Syren, who is nonbinary and uses the pronouns they/them, has Ehlers-Danlos syndrome, postural orthostatic tachycardia syndrome, and other disabilities that make hiking difficult.
They were often left behind in group outings and didn’t have support from teachers, peers, or really anyone else. So, they started to figure out what their body could do outdoors on their own.
“For me, being outdoors over time has really helped me develop a sense of belonging. Society often tells you that disabled people don’t belong here, especially in the outdoors where the narrative is often about conquering this mountain or having an extreme experience. When I’m outdoors noticing nature and the way it adapts and how disability is present in the natural world, it makes me feel like I’m in a place where I belong.”

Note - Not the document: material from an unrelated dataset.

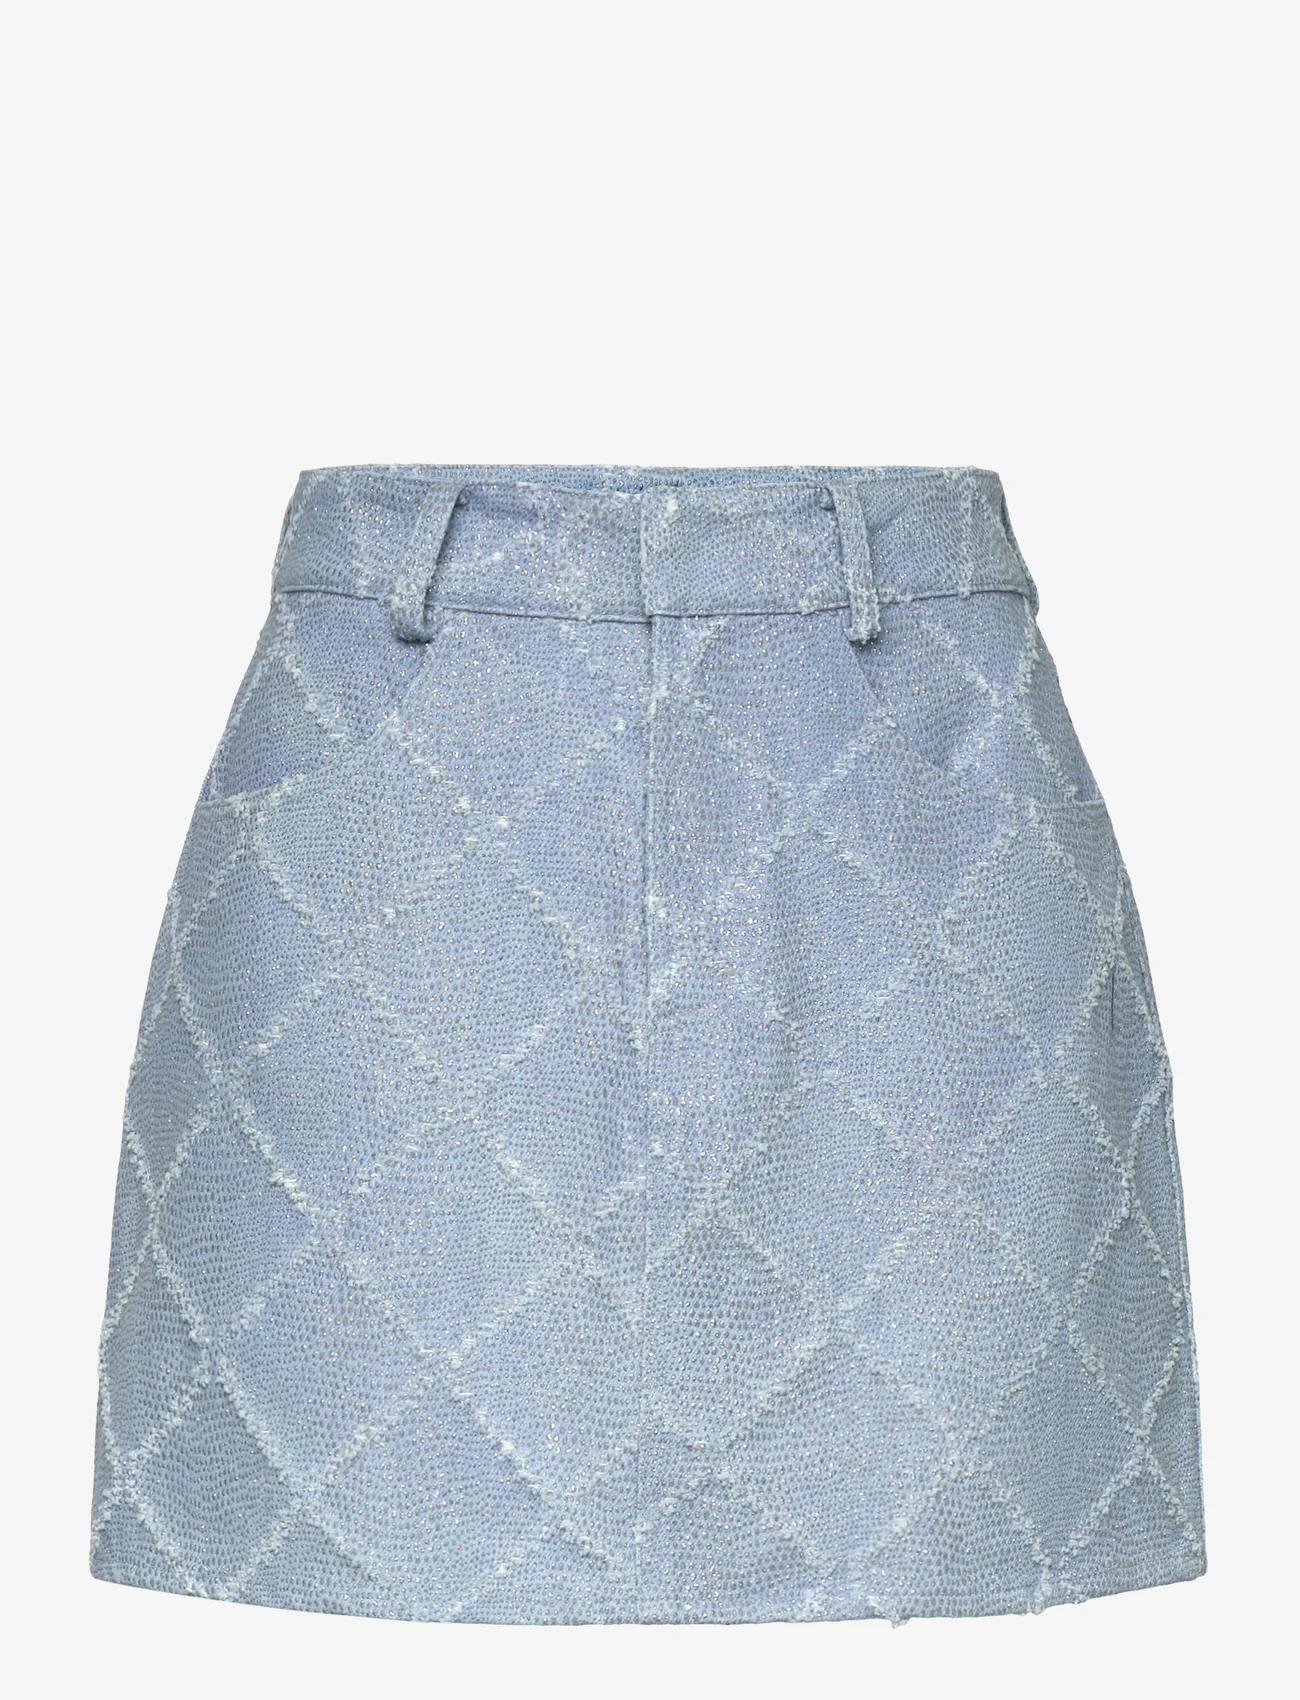 Cras - Northcras Skirt - short skirts - sparkle denim - 0

One day, Syren was out on a trail that they had researched and immediately encountered a steep drop-off, steep stairs, and other obstacles that were not in the information they read.
“I was getting tired and my pain was increasing. I stopped at a waterfall and had this inspiration. So, when I got home, I wrote a blog and created a trail guide.”
That’s how Disabled Hikers was born. They started writing more and created social media platforms. Now, it’s grown to an entirely disabled-led organization that celebrates disabled people’s experiences in the outdoors.
We know there are so many others who love to be out in nature, but maybe had a similar experience to Syren’s. To help you get back out on the trail, we talked to Syren to get five tips for hikers with mobility issues.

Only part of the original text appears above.